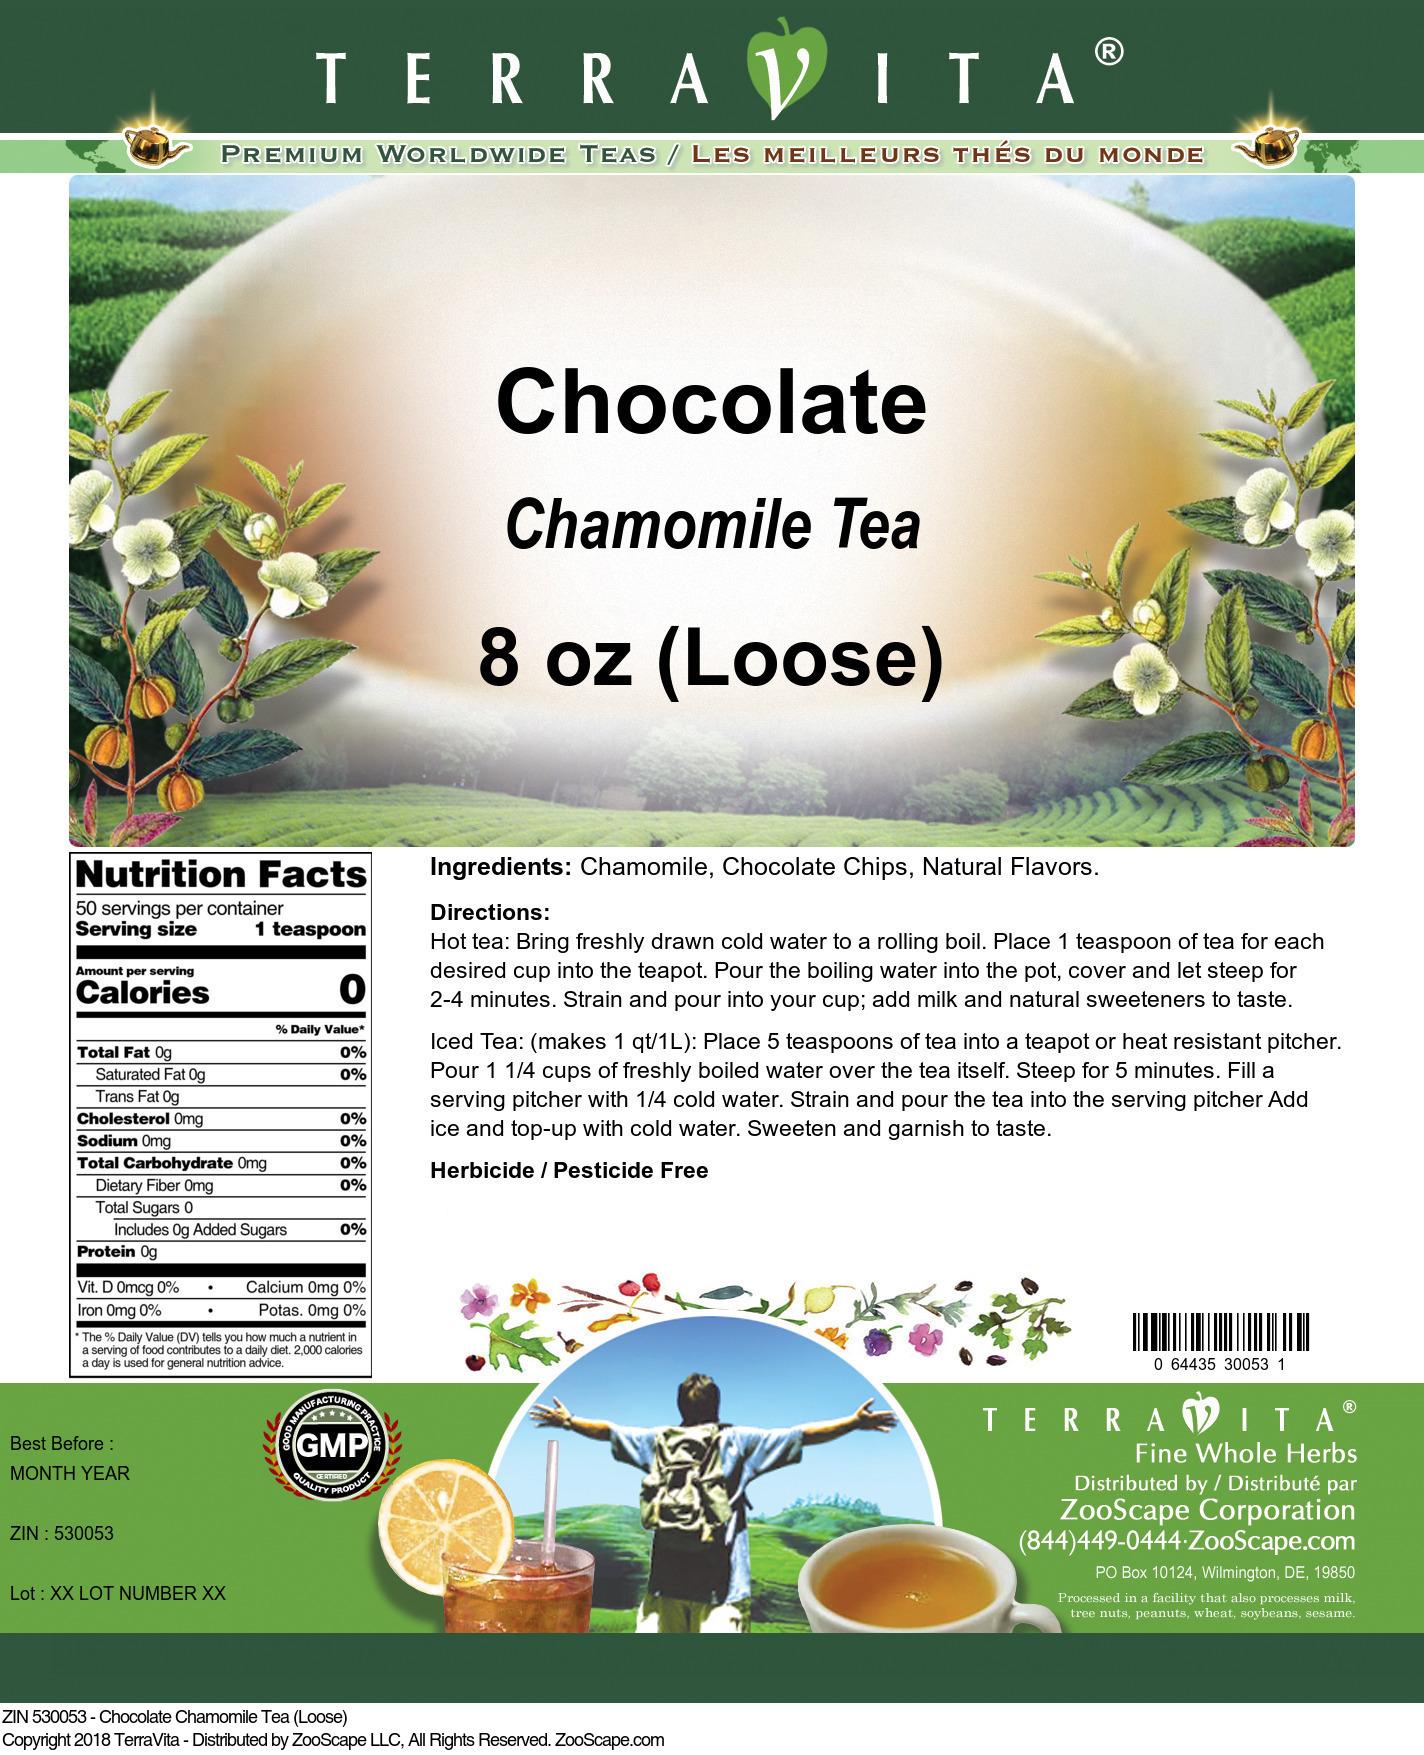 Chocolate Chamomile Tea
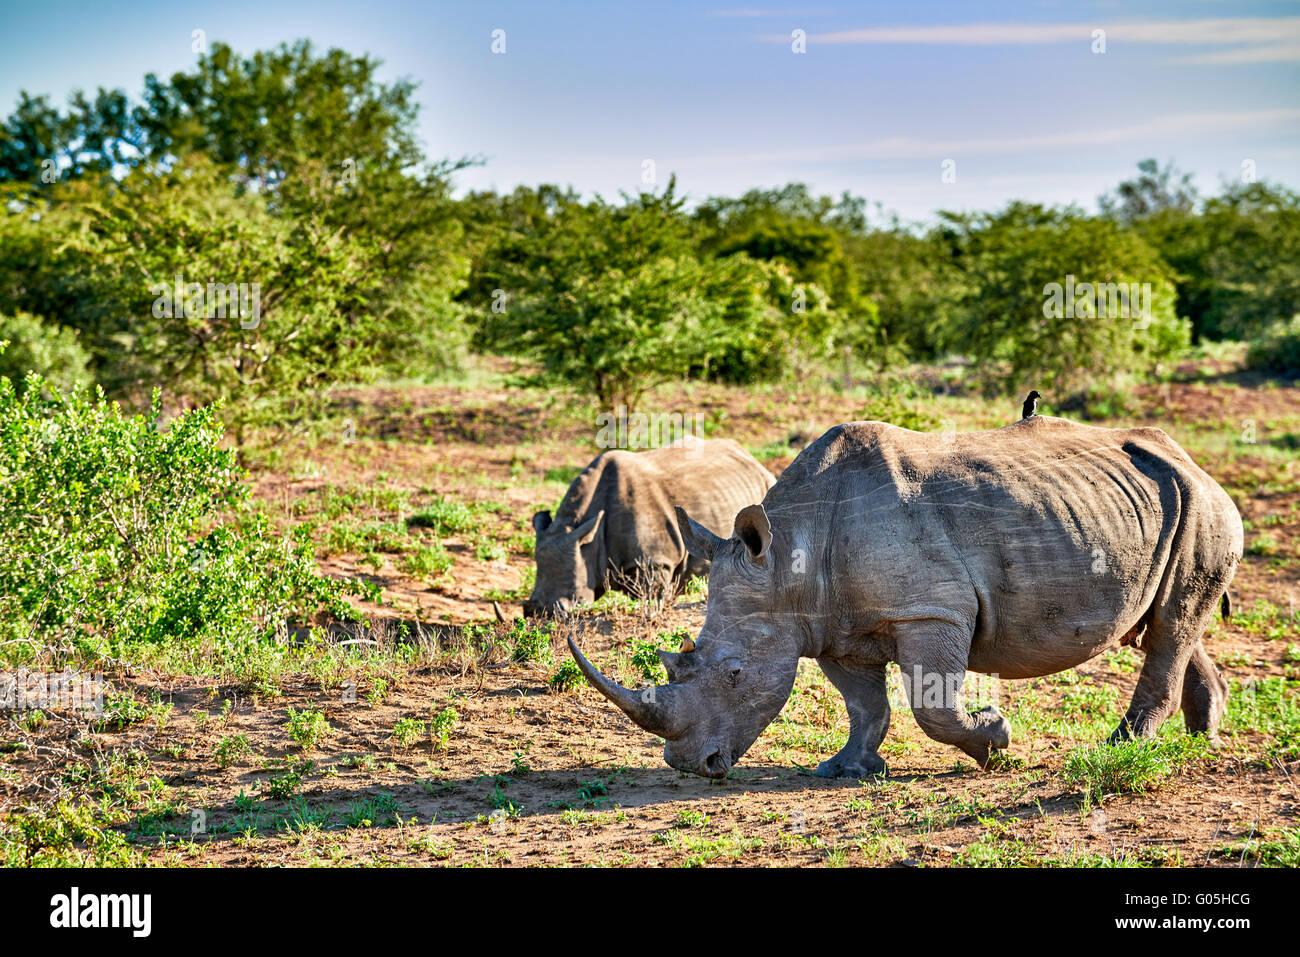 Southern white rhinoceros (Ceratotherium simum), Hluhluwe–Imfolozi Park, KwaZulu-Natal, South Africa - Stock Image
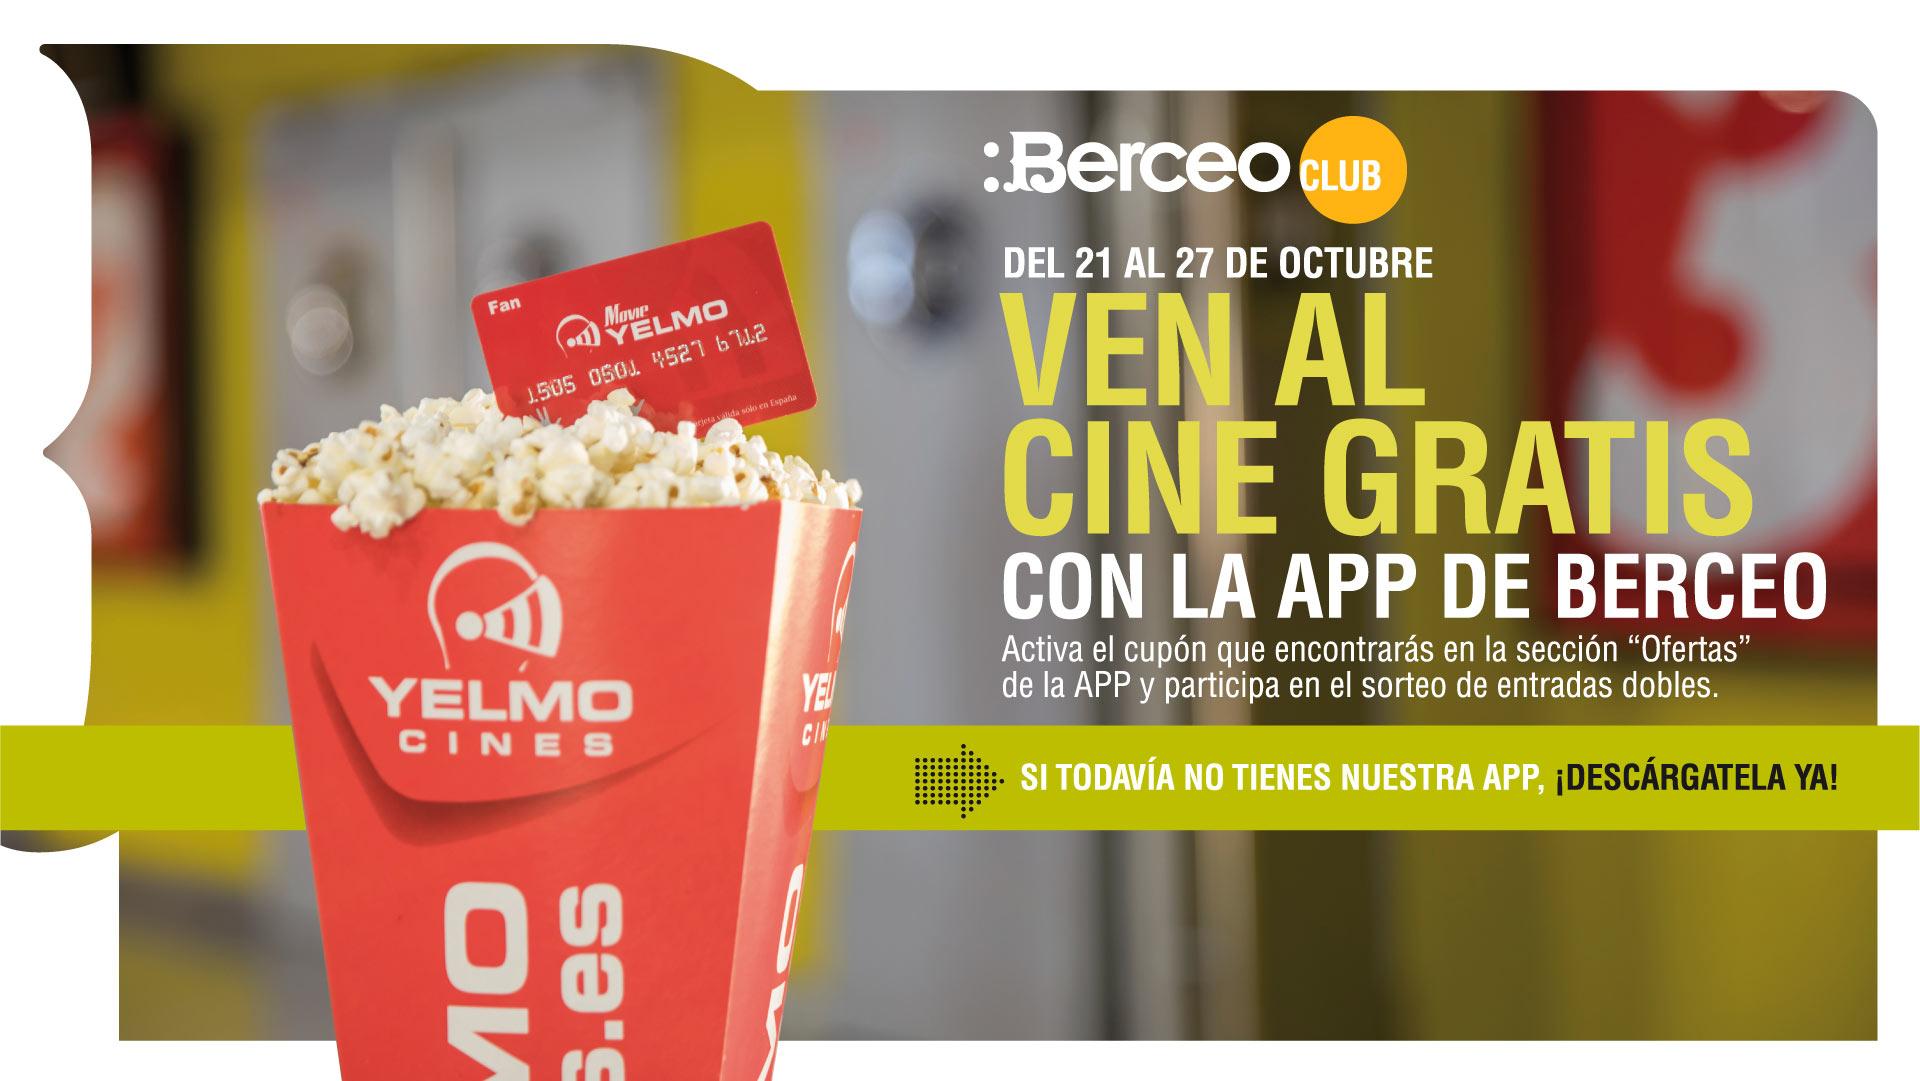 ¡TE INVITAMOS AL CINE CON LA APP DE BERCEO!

+++

**Exercise details**
Above is a listing with pictures. Write it out exactly without them.

**Exercise answer**
 Chocolate Chamomile Tea
 Southern white rhinoceros (Ceratotherium simum), Hluhluwe–Imfolozi Park, KwaZulu-Natal, South Africa - Stock Image
 ¡TE INVITAMOS AL CINE CON LA APP DE BERCEO!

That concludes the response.